Bolger G T, Rafferty M F, Weissman B A, Rice K C, Skolnick P
Pharmacol Biochem Behav. 1986 Jul;25(1):51-7. doi: 10.1016/0091-3057(86)90229-7.
Phencyclidine was previously shown to allosterically increase the apparent affinity of the dihydropyridine ( [3H]nitrendipine) calcium antagonist binding site in a lysed synaptosomal membrane preparation of rat forebrain. Treatment of a similar preparation of mouse forebrain with 4-isothiocyanato-1-(1-phenylcyclohexyl) piperidine (FOURPHIT), an acylating phencyclidine derivative, resulted in a concentration dependent (0.1-10 microM), irreversible, increase in the apparent affinity of [3H]nitrendipine in contrast to the effects of phencyclidine which were reversible. The FOURPHIT isomer, 1-[1-(3-isothiocyanatophenyl) cyclohexyl] piperidine (METAPHIT), (10 microM) also irreversibly increased the apparent affinity of [3H]nitrendipine, but was much less efficacious than FOURPHIT. Phencyclidine blocked the irreversible increase in the apparent affinity of [3H]nitrendipine produced by FOURPHIT. The interactions of multivalent cations and the calcium antagonist diltiazem with the [3H]nitrendipine binding site were altered following treatment of membranes with FOURPHIT. These studies suggest that FOURPHIT irreversibly interacts with the same sites as PCP, and thus may be a useful tool with which to further probe both the behavioral and biochemical interactions between phencyclidine and the dihydropyridine calcium antagonist binding site.
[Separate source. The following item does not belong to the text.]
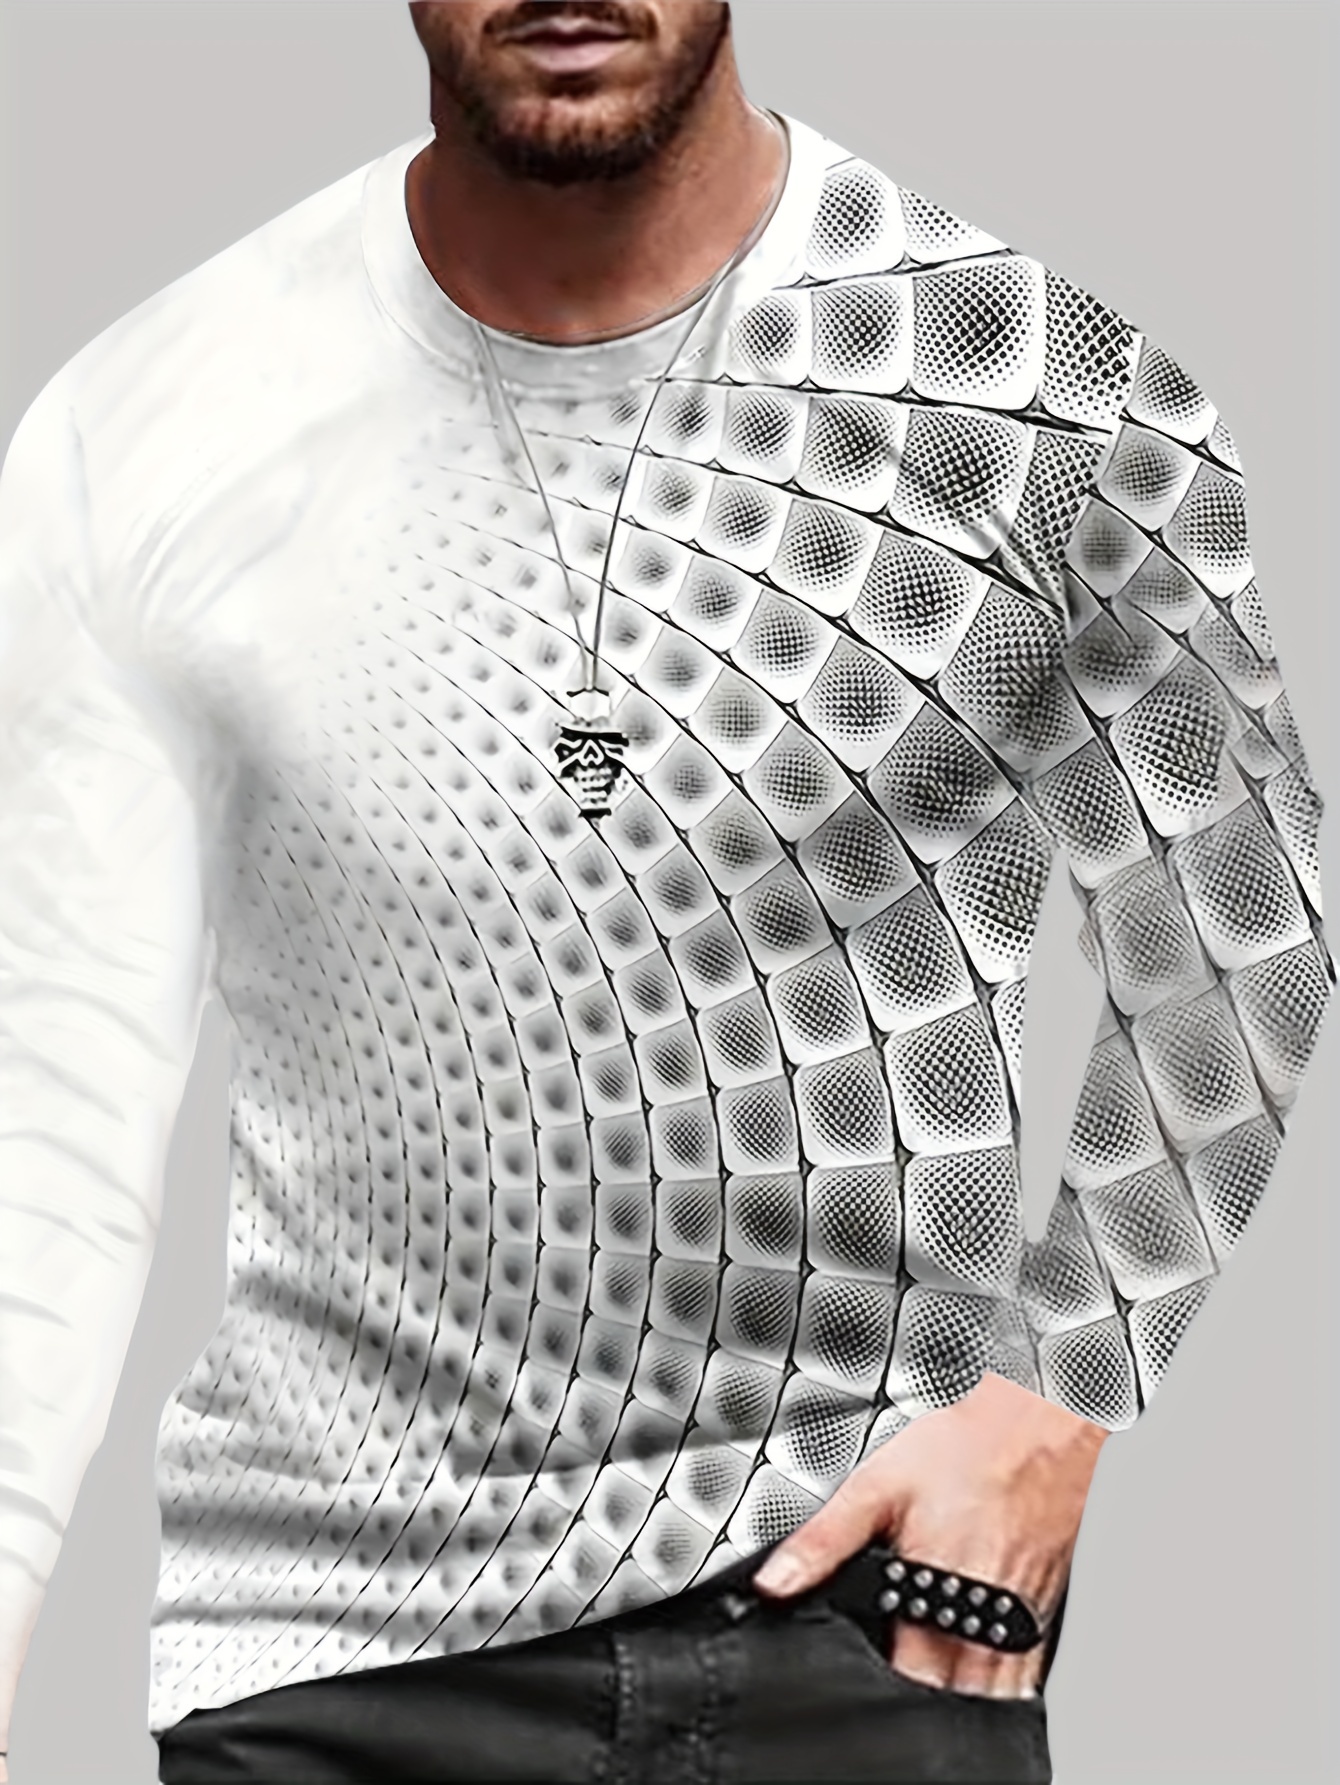 Cosmic Vortex Black Hole 3D Printing Men's Shirt Round Neck T-shirt Street  Hip-hop Cool Style High-quality Brand Clothing S-5XL
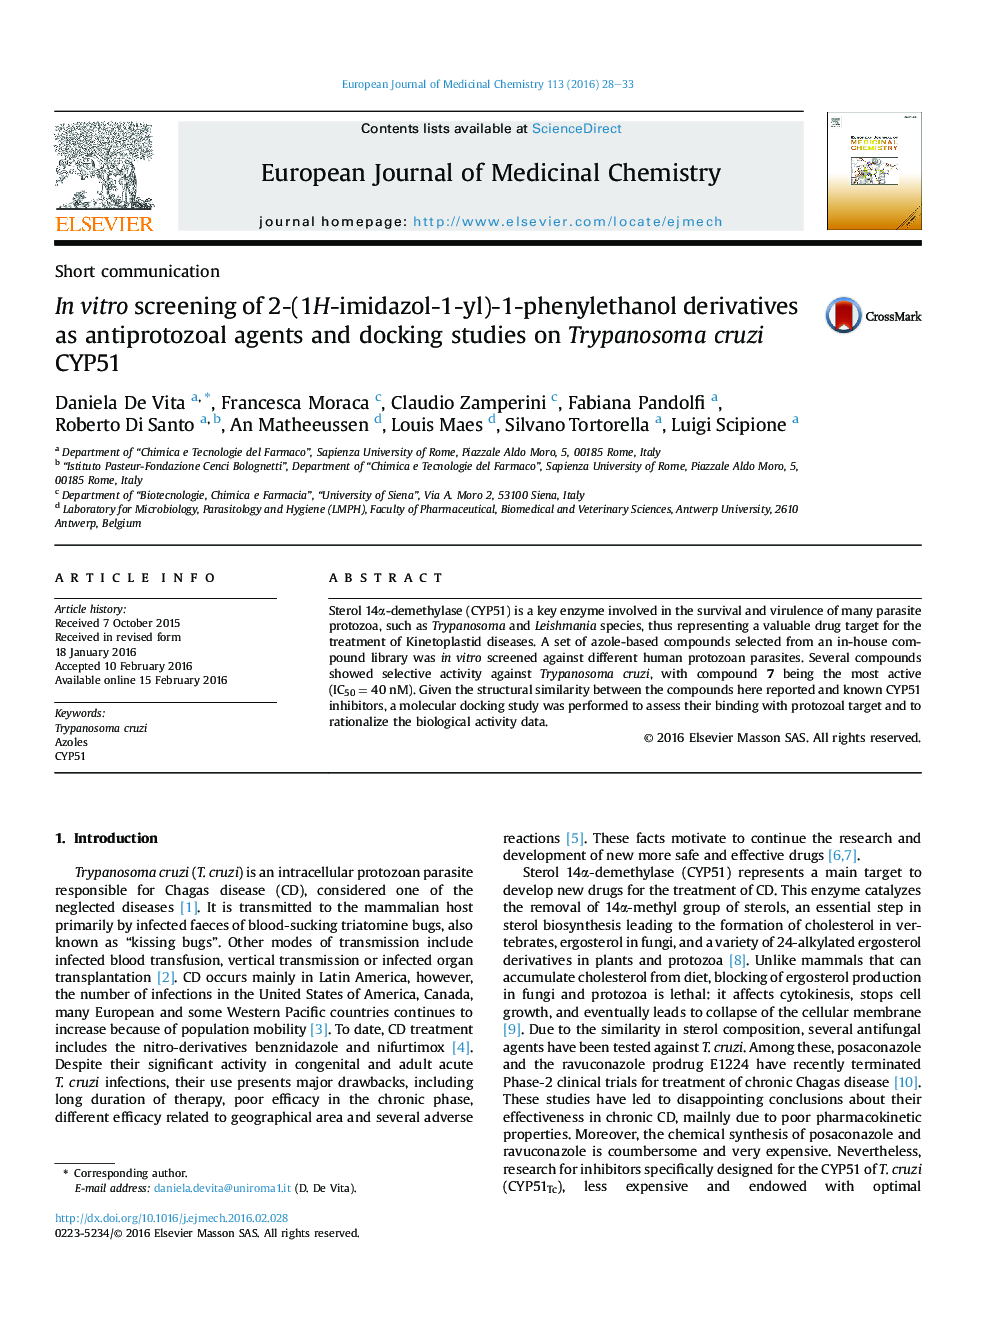 In vitro screening of 2-(1H-imidazol-1-yl)-1-phenylethanol derivatives as antiprotozoal agents and docking studies on Trypanosoma cruzi CYP51

此前研究表明,在大鼠前脑裂解突触体膜制剂中,苯环己哌啶可别构增加二氢吡啶([3H]尼群地平)钙拮抗剂结合位点的表观亲和力。用4-异硫氰酸-1-(1-苯基环己基)哌啶(FOURPHIT,一种酰化苯环己哌啶衍生物)处理小鼠前脑的类似制剂,结果显示[3H]尼群地平的表观亲和力呈浓度依赖性(0.1 - 10 microM)不可逆增加,这与苯环己哌啶的可逆性作用形成对比。FOURPHIT的异构体1-[1-(3-异硫氰酸苯基)环己基]哌啶(METAPHIT,10 microM)也不可逆地增加了[3H]尼群地平的表观亲和力,但效果远不如FOURPHIT。苯环己哌啶可阻断FOURPHIT引起的[3H]尼群地平表观亲和力的不可逆增加。在用FOURPHIT处理膜后,多价阳离子和钙拮抗剂地尔硫䓬与[3H]尼群地平结合位点的相互作用发生了改变。这些研究表明,FOURPHIT与苯环己哌啶作用于相同位点,因此可能是进一步探究苯环己哌啶与二氢吡啶钙拮抗剂结合位点之间行为和生化相互作用的有用工具。